Guest comment: On pain, courage and moving forward

There is a good reason we tell and retell our stories

Joe Wills

The new year has brought out a lot of sentiment to move on and not look back. “It’s a new day,” some people say about Washington, D.C., or about the vaccine. “Looking forward” is a reassuring phrase and truly a helpful thing; when you’re feeling sick on a boat at sea, one remedy is to get your face in the wind and gaze in the direction the boat is headed.

Looking backward is not viewed so highly. The root of the word nostalgia means sickness from wanting to return home. In Genesis, Lot’s wife is turned into a pillar of salt for looking back at the devastation of Sodom, the city her family had left behind.

So it is confusing and unsettling when, after a terrible event, your mind goes back to it again and again. Like many Camp Fire survivors, for instance, I go back to Nov. 8, 2018. It is almost as if your mind is being cruel, bringing you to the same moment in time over and over.

I have found, however, receiving and providing therapy, that painful recurring memories also come with an invitation. They can be a story to tell. If that sounds easy or simple, then you are not thinking of an incident you wish had never happened. Something you have longed to forget.

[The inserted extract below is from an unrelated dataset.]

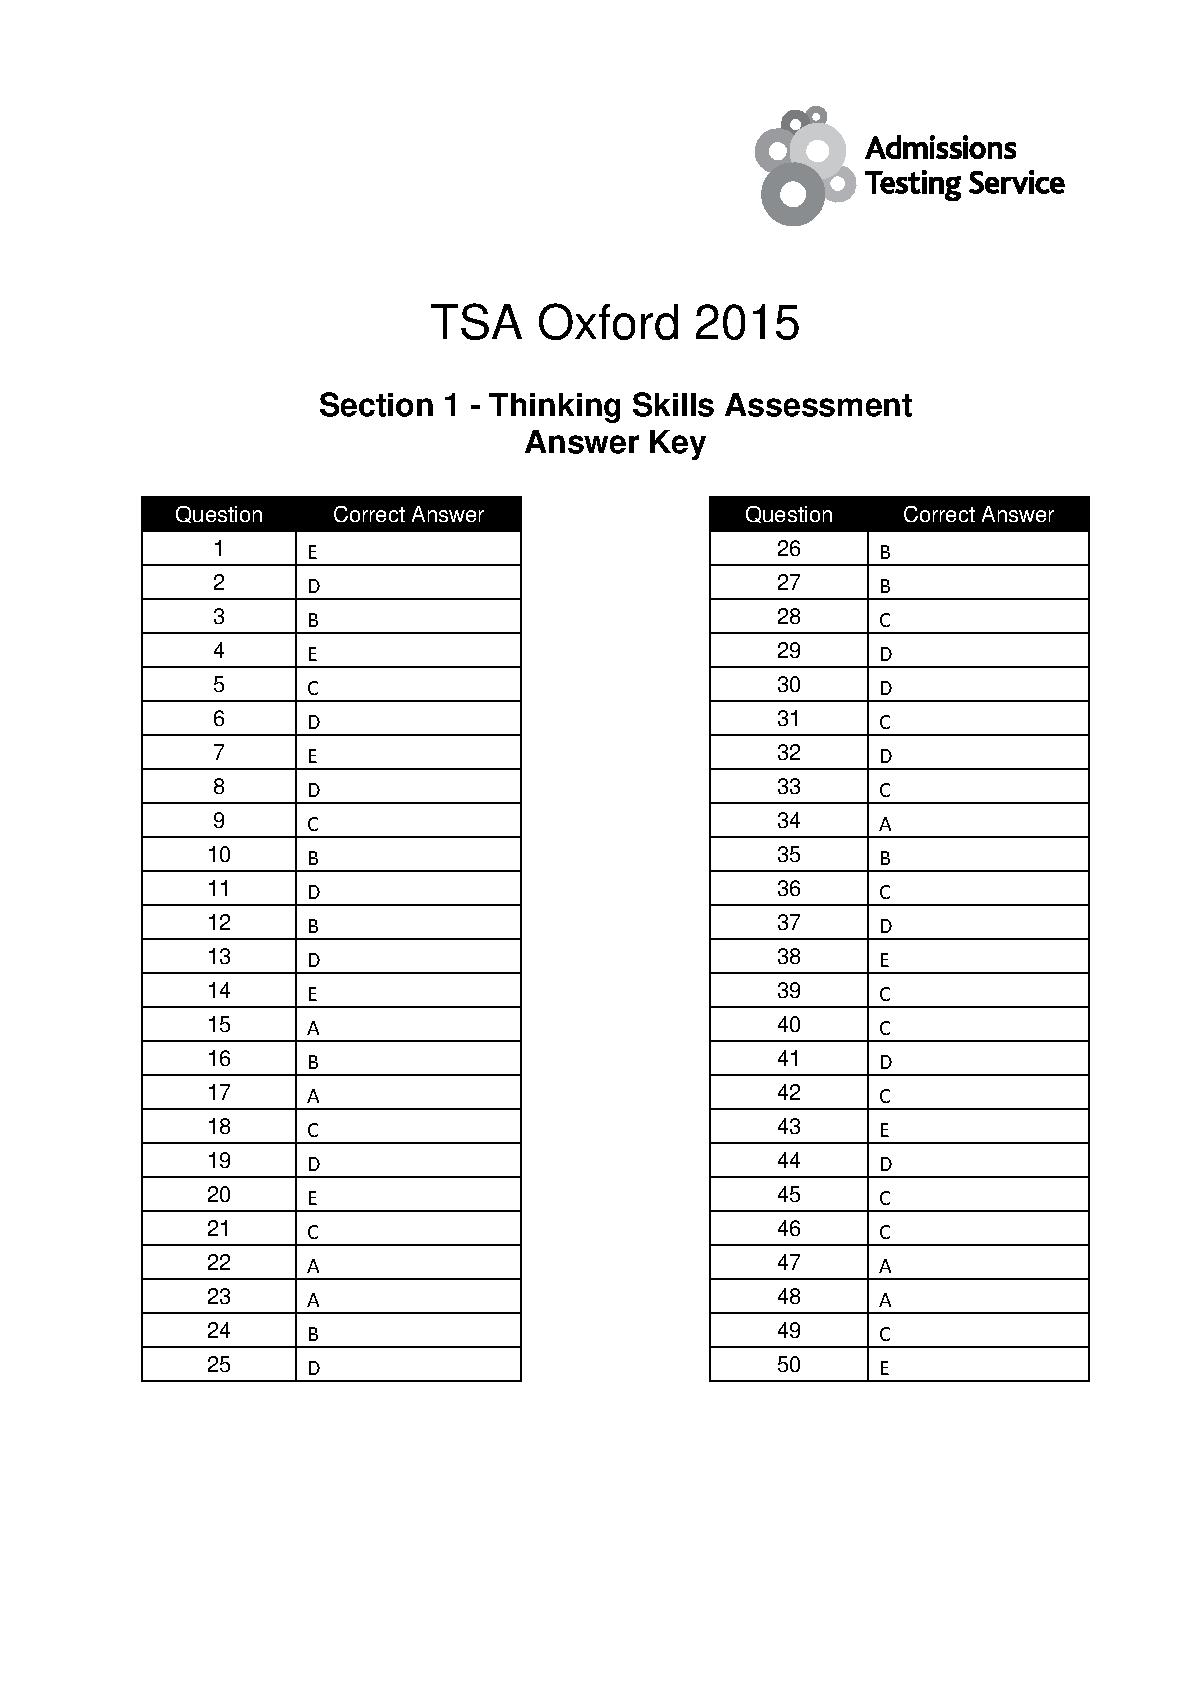 TSA Oxford 2015 Section 1 Answer Key PDF Host

So it is with courage you tell someone what happened. And then you tell someone again. With repetition, the story loses some of its sting. You may also find that it, naturally, seems different. You can’t step into the same river twice, the old saying goes. The details may be the same, but your sense of the story, the meaning of it, isn’t. You may like the changes, or not, but the feeling of being stuck with an awful, unchangeable memory is gone.

By going back to what is painful, you get to move forward. It sounds counterintuitive, but that’s how I’ve found life is sometimes. To let the arrow fly, you have to pull back the bowstring first.

The author is a psychotherapist and writer in Chico.